Estereotipo¿Cómo son los de su grupo?¿Cómo es esta persona?
Sesgo cultural¿Se parece a nosotros?¿Refleja el carácter de Cristo?

En el fondo, la transformación que Pablo buscaba en Atenas, Pedro necesitó en Jope (Hechos 10), y Santiago exigió a la iglesia (Santiago 2), consiste en pasar de una evaluación basada en categorías humanas a una evaluación basada en los criterios bíblicos. El evangelio no elimina las diferencias culturales, étnicas o sociales; elimina la pretensión de que esas diferencias determinen el valor, la dignidad, la autoridad espiritual o el acceso a la gracia de una persona. Allí radica el corazón de una auténtica teología cristiana contra el racismo.

Nivel 3: Experiencias reales de contacto

Las investigaciones sociales muestran que los prejuicios disminuyen cuando existen relaciones significativas entre grupos diferentes.
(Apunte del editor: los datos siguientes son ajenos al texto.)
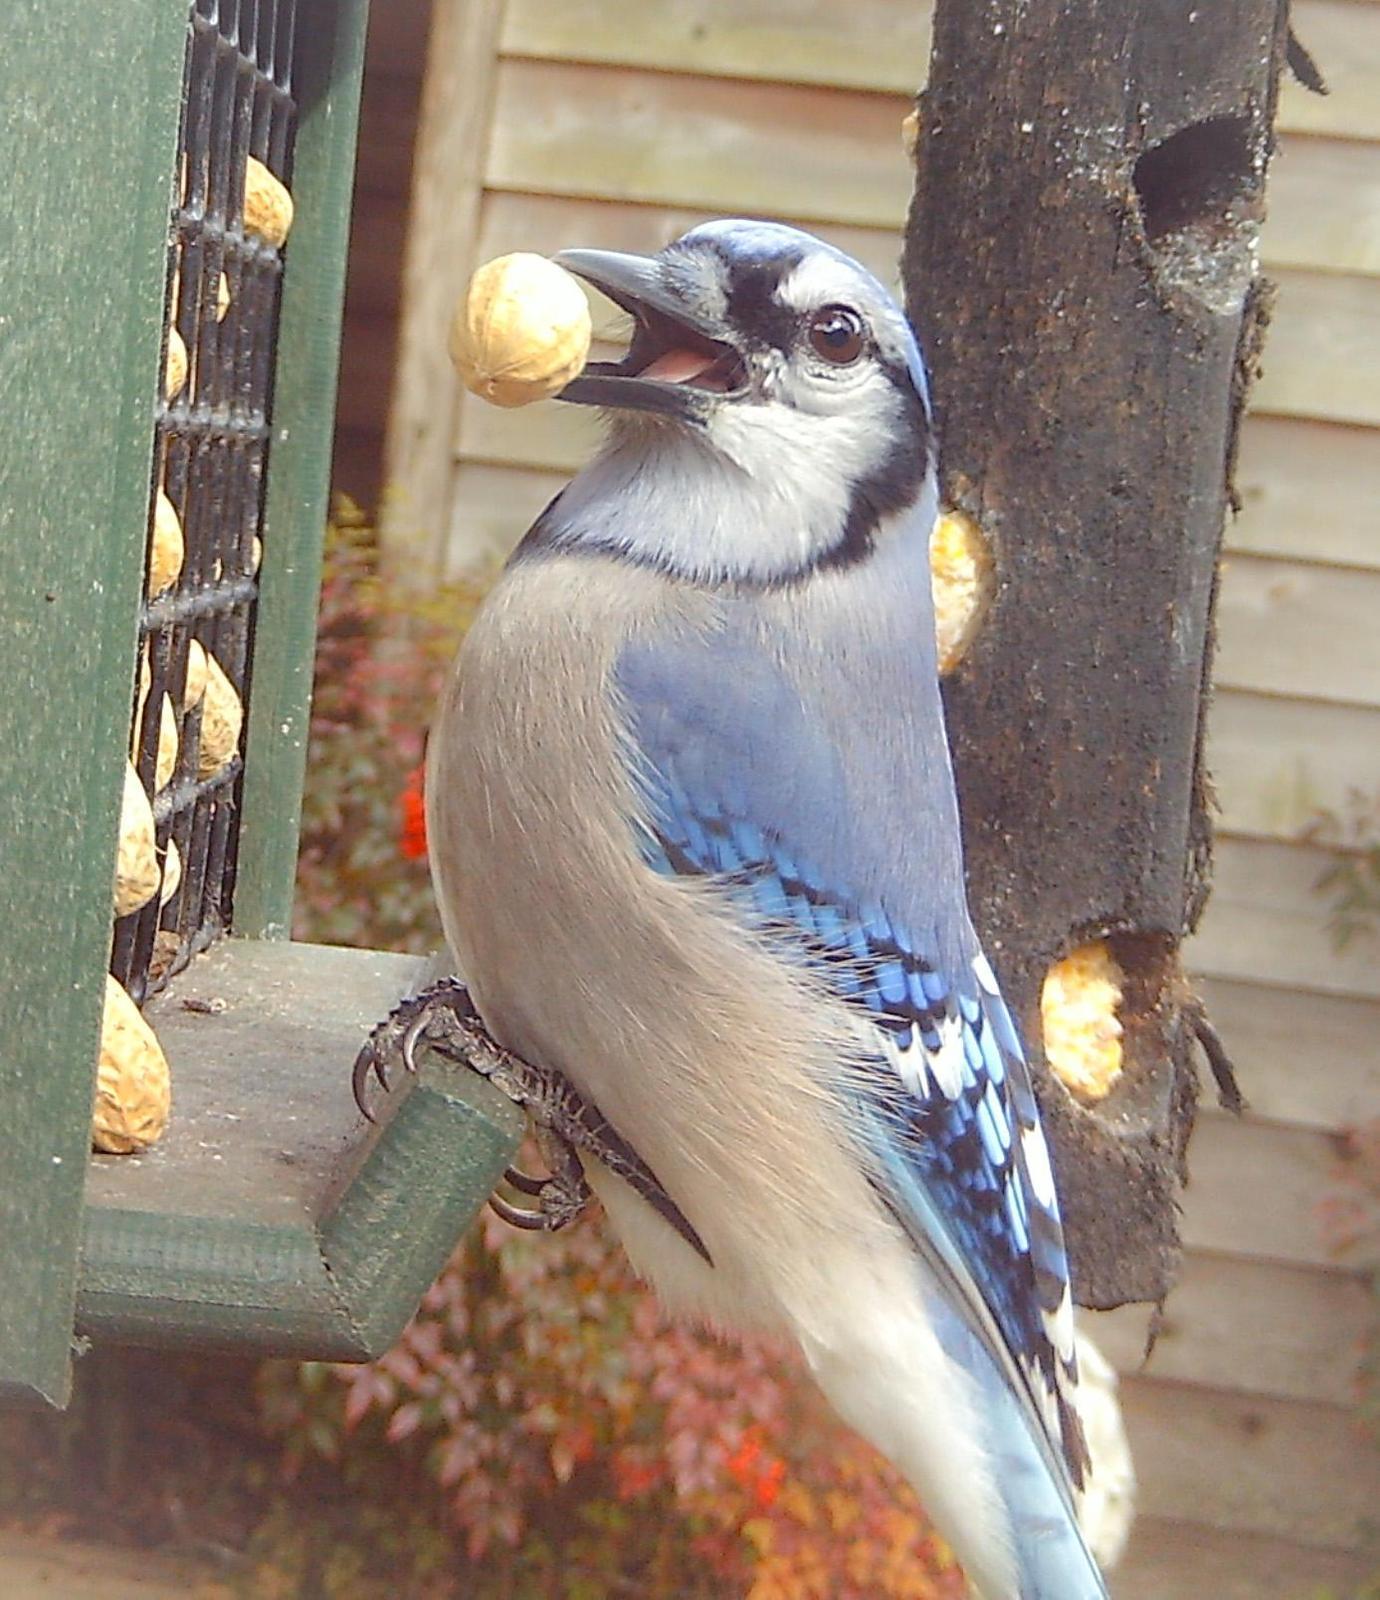 Blue Jay Photo by Mike Ballentine

Por ello la iglesia debe fomentar:
programas misioneros interculturales;
grupos pequeños diversos;
proyectos comunitarios conjuntos;
equipos ministeriales mixtos.

Las relaciones transforman más que los discursos.

Nivel 4: Liderazgo representativo

Este punto es crucial.
La iglesia debe evitar dos extremos:

Extremo A
Nombrar líderes únicamente para cumplir cuotas.
Esto genera resentimiento.

Extremo B
Ignorar completamente la diversidad.
Esto perpetúa exclusiones históricas.

La mejor alternativa es desarrollar activamente líderes diversos y evaluar a todos mediante criterios espirituales y ministeriales objetivos.
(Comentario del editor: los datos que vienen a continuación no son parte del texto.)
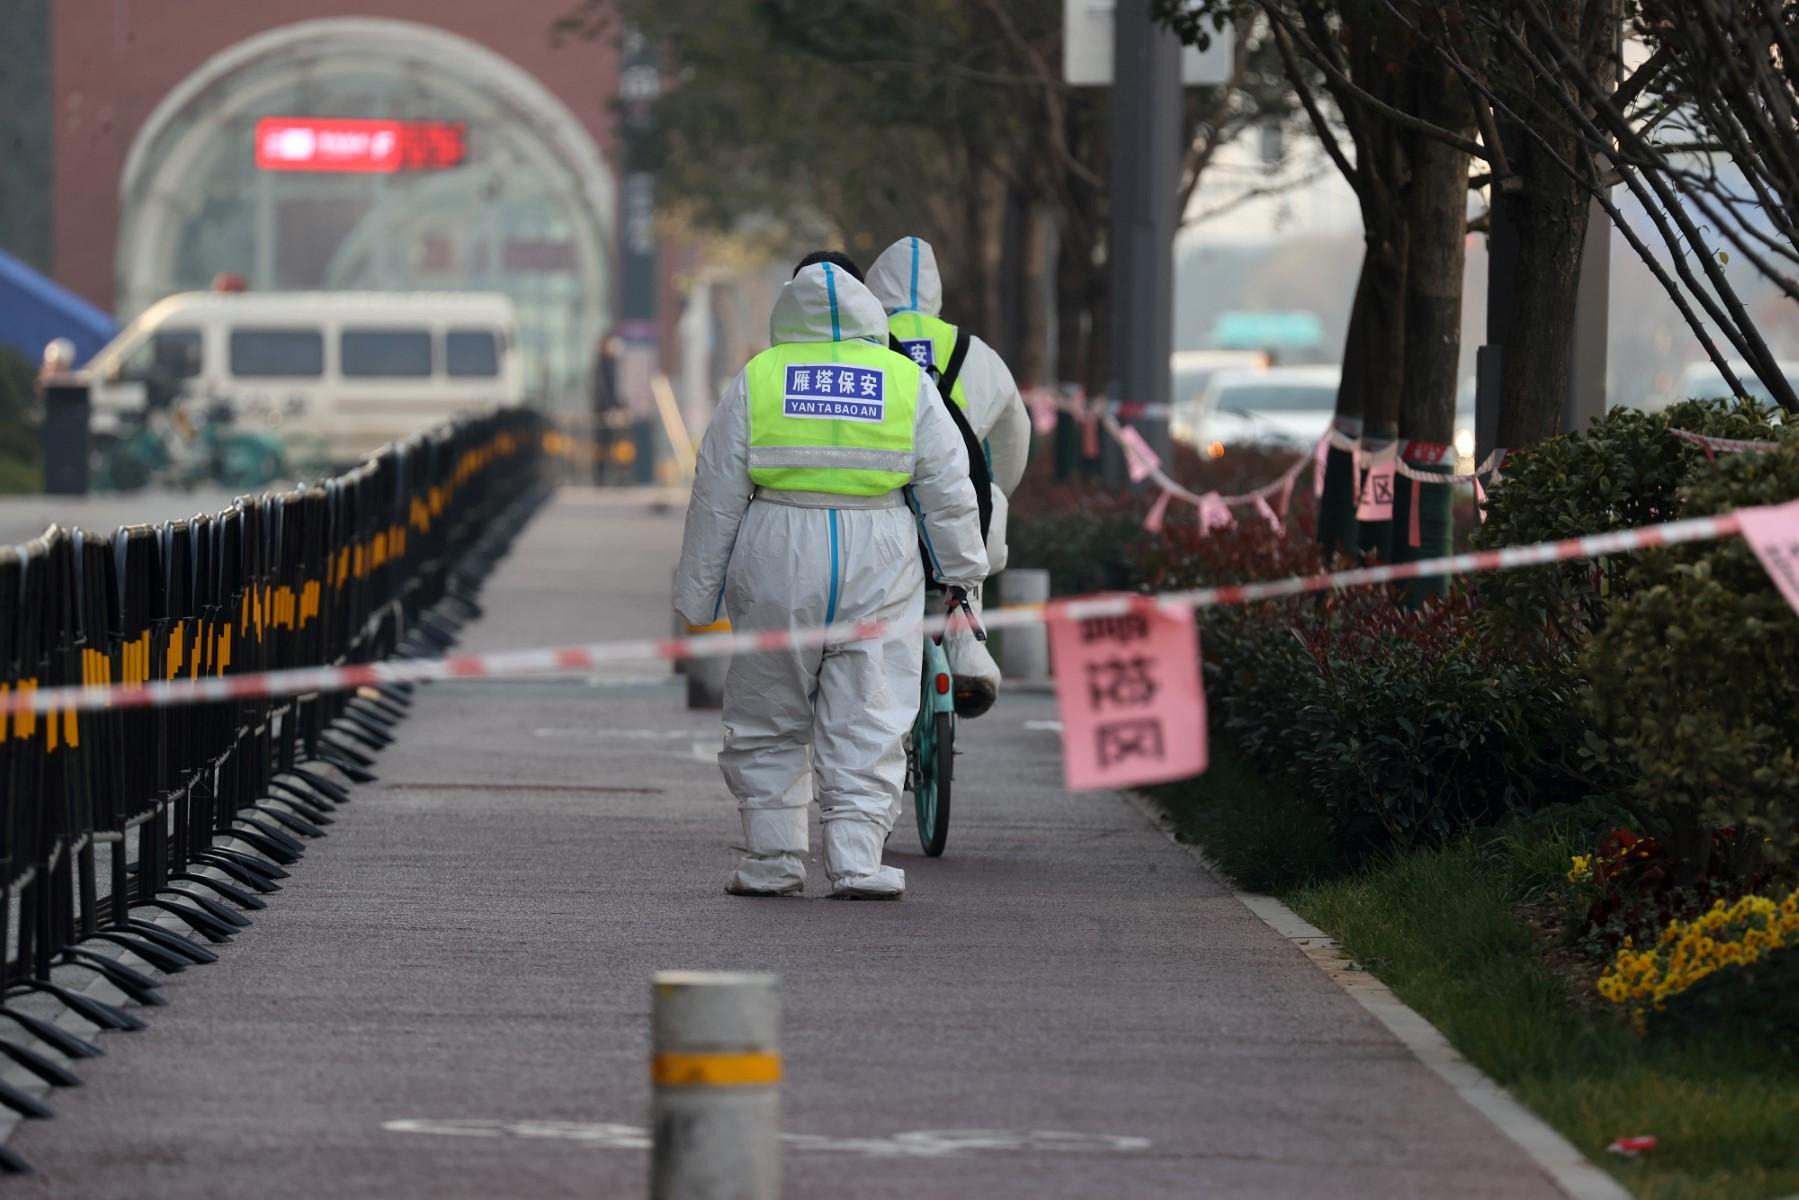 This photo taken on Dec 22 shows security guards walking in an area under restrictions following a recent Covid-19 outbreak in Xi'an in China's northern Shaanxi province. Photo: AFP

Nivel 5: Espiritualidad del Reino

El cambio más profundo ocurre cuando la identidad principal deja de ser racial o social y pasa a ser cristológica.

El Nuevo Testamento no elimina:
judíos;
griegos;
romanos.

Pero sí enseña que existe una identidad superior:
"Todos vosotros sois uno en Cristo Jesús" (Gálatas 3:28).

La pregunta fundamental deja de ser: "¿De qué grupo eres?"
y pasa a ser: "¿A quién perteneces?"

7. Una postura madura y realista

Una postura verdaderamente adventista debería evitar tres errores.

Error 1: Negar el problema
Decir que el racismo no existe.
Sí existe.
Incluso dentro de la iglesia.

Error 2: Ideologizar el problema
Reducir toda diferencia a opresión estructural.
Esto tampoco refleja la complejidad humana ni la enseñanza bíblica.

Error 3: Esperar una solución inmediata
La historia bíblica demuestra que la transformación profunda es progresiva.
La iglesia apostólica tardó décadas en superar tensiones entre judíos y gentiles.

Conclusión

La respuesta adventista al racismo debe ser escatológica, cristocéntrica y misionera
Escatológica, porque la visión final de Dios es una multitud de "toda nación, tribu, lengua y pueblo"; 
Cristocéntrica, porque la identidad suprema del creyente es Cristo; y 
Misionera, porque la diversidad reconciliada constituye uno de los testimonios más poderosos del evangelio.

Probablemente nunca eliminaremos completamente los prejuicios hasta la glorificación final. Sin embargo, la misión de la iglesia no es esperar pasivamente ese día. La misión es anticipar hoy, imperfectamente pero de manera visible, la realidad del Reino venidero. Una iglesia donde un pastor indígena, afrodescendiente, mestizo, blanco, urbano o rural pueda servir con igual aceptación no porque las diferencias hayan desaparecido, sino porque Cristo ha llegado a ser más importante que ellas, representa quizás una de las evidencias más convincentes de que el evangelio realmente está transformando la cosmovisión humana.